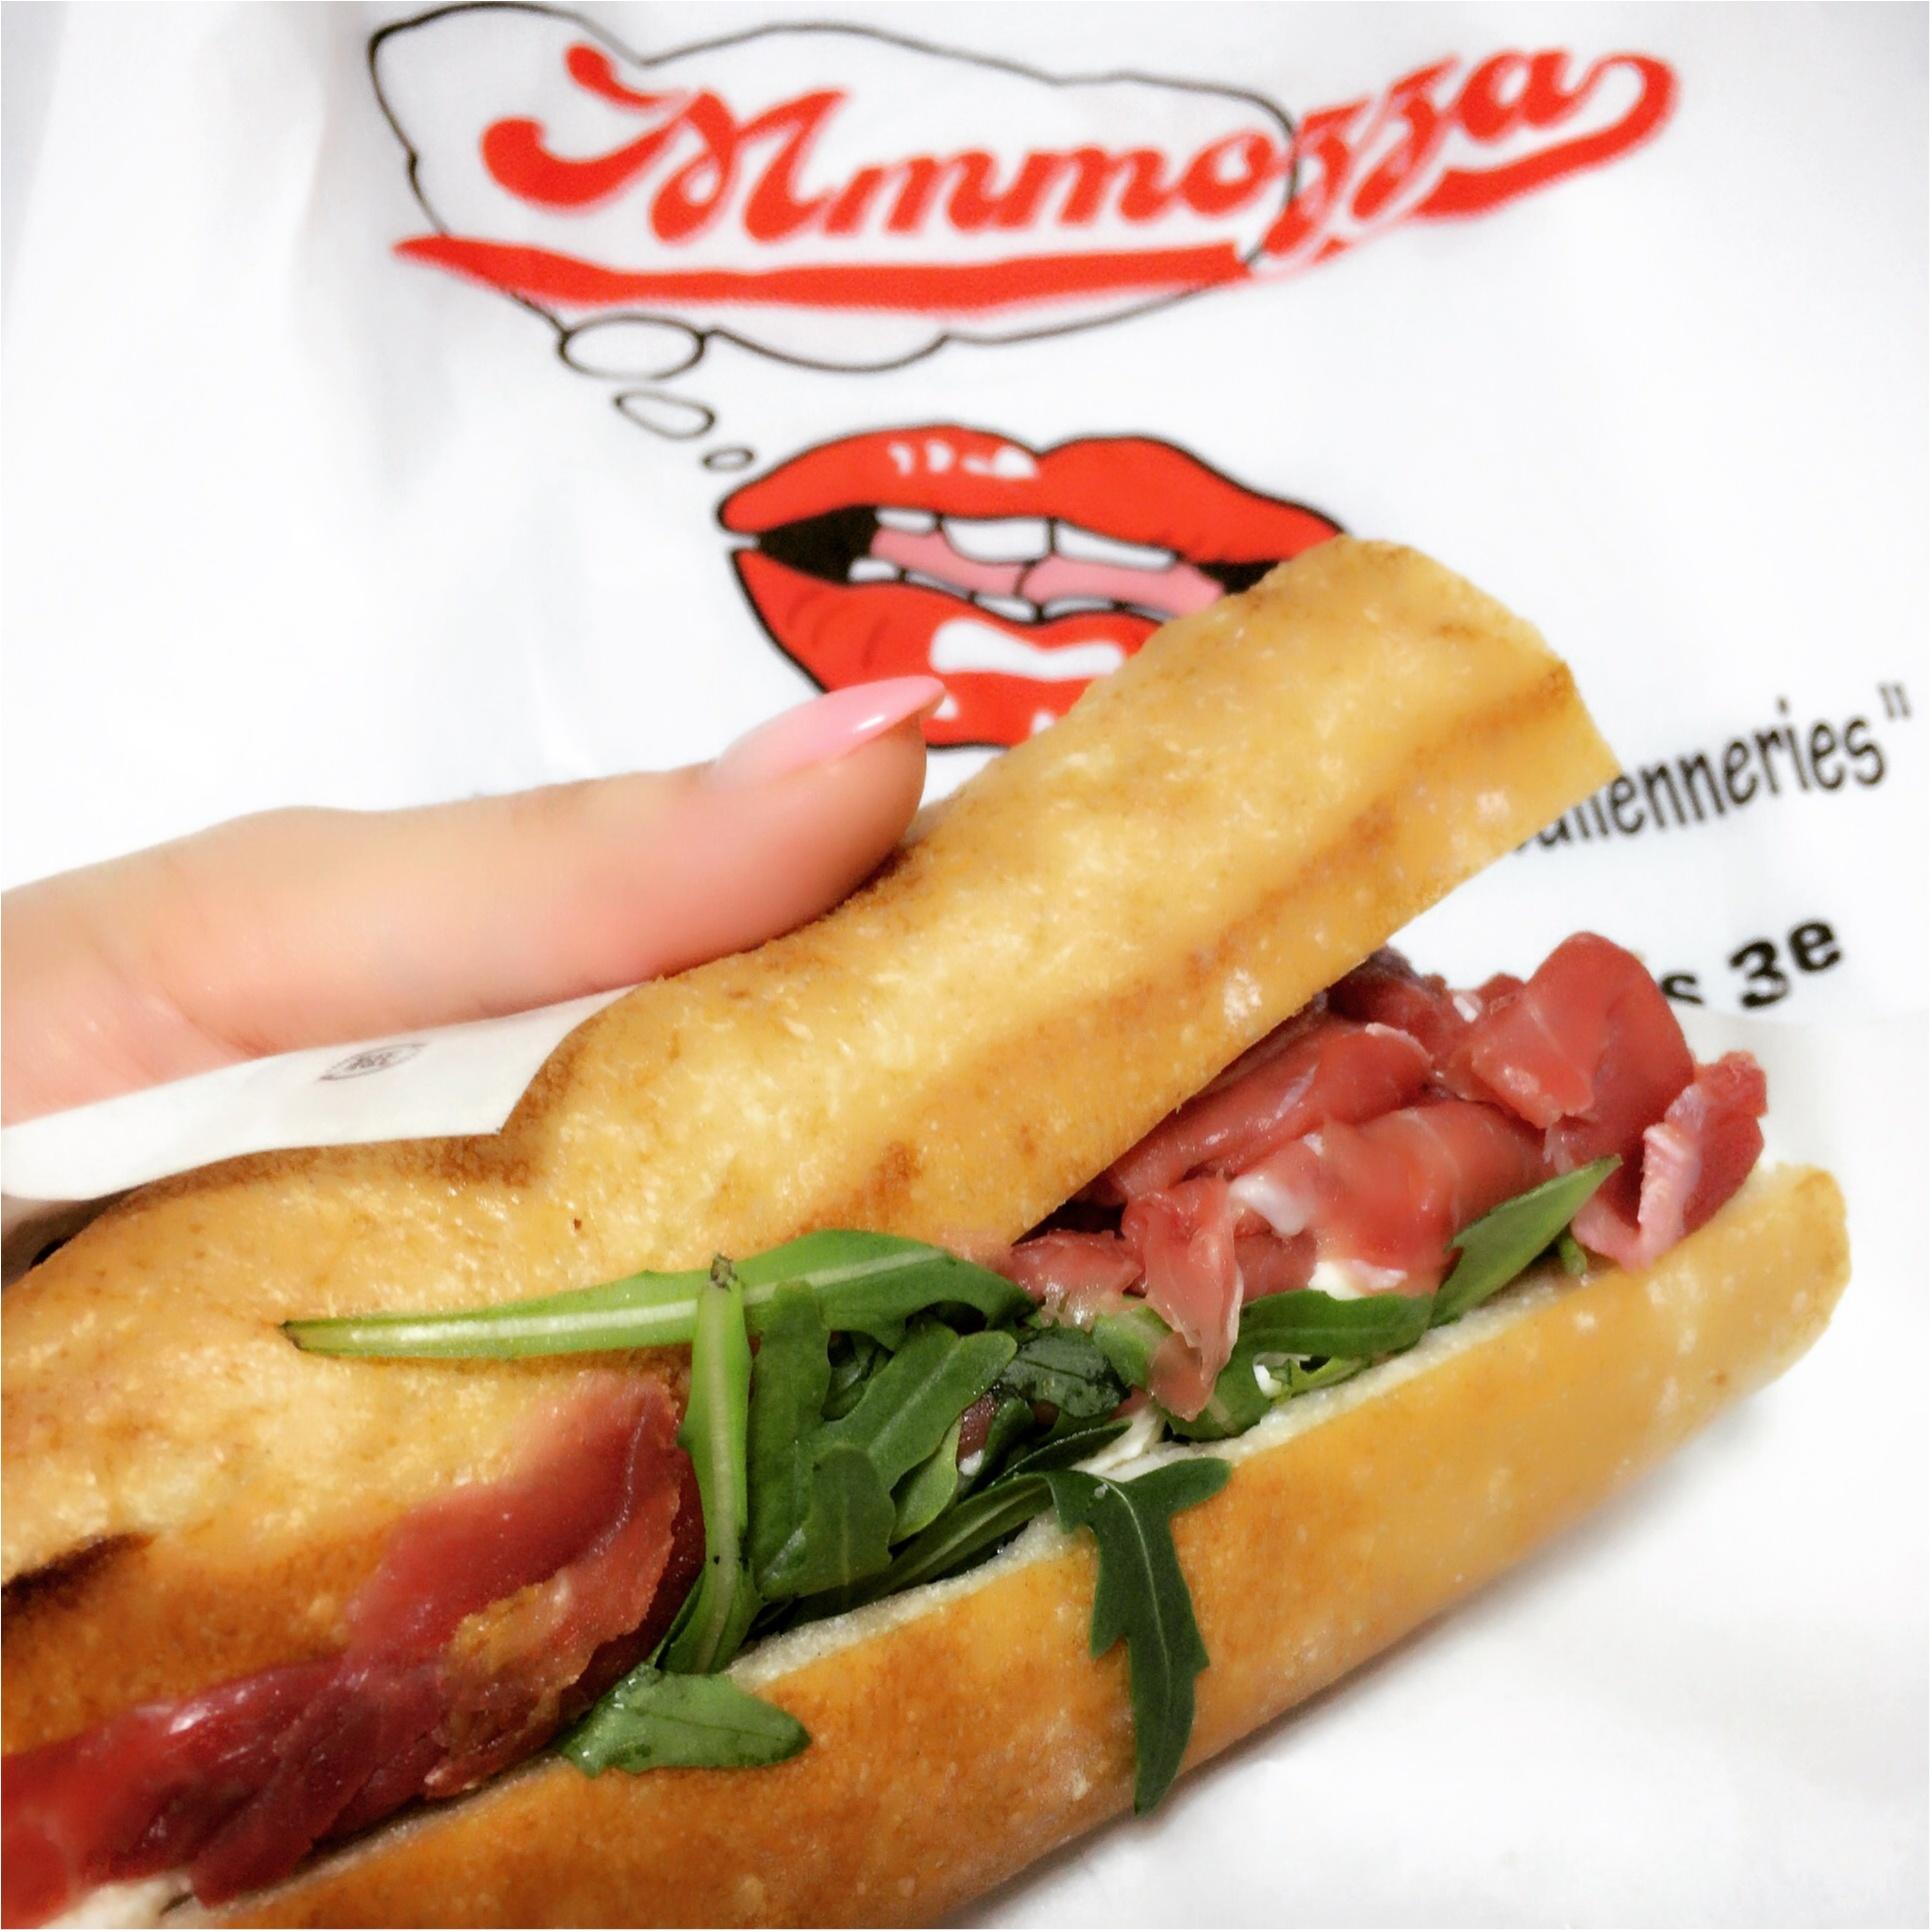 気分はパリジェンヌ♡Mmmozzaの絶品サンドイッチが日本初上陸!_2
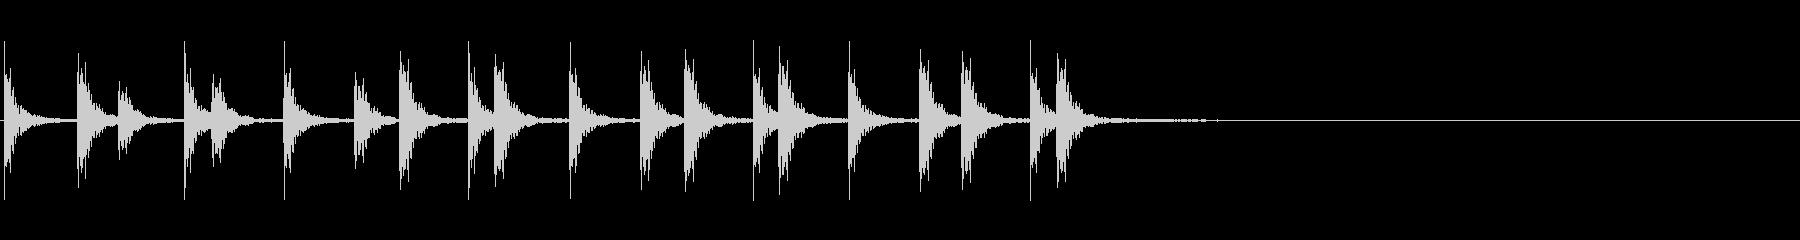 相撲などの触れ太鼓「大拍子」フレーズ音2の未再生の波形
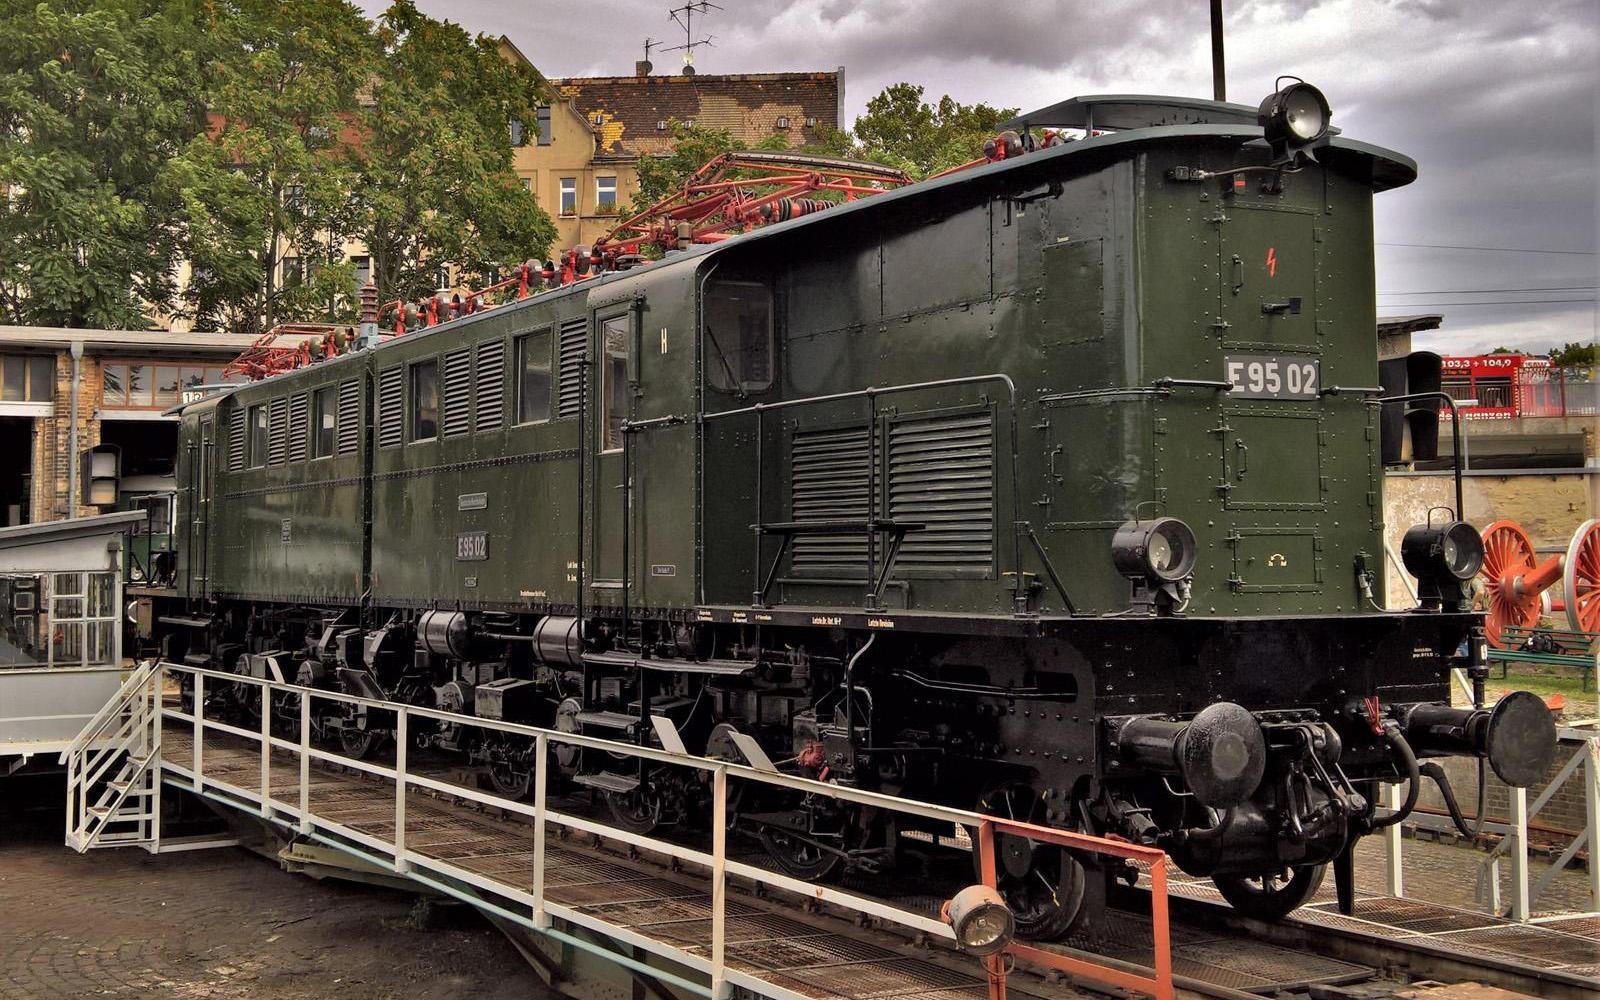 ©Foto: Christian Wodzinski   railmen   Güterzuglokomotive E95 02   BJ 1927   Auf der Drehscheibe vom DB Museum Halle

→ Task details
Nothing but the lines from the one containing "相撲などの触れ太鼓「大拍子」フレーズ音2の未再生の波形" through the end of the listing should be written out, each exactly, and pictures must be left out.

→ Answer below
 相撲などの触れ太鼓「大拍子」フレーズ音2の未再生の波形
 ©Foto: Christian Wodzinski   railmen   Güterzuglokomotive E95 02   BJ 1927   Auf der Drehscheibe vom DB Museum Halle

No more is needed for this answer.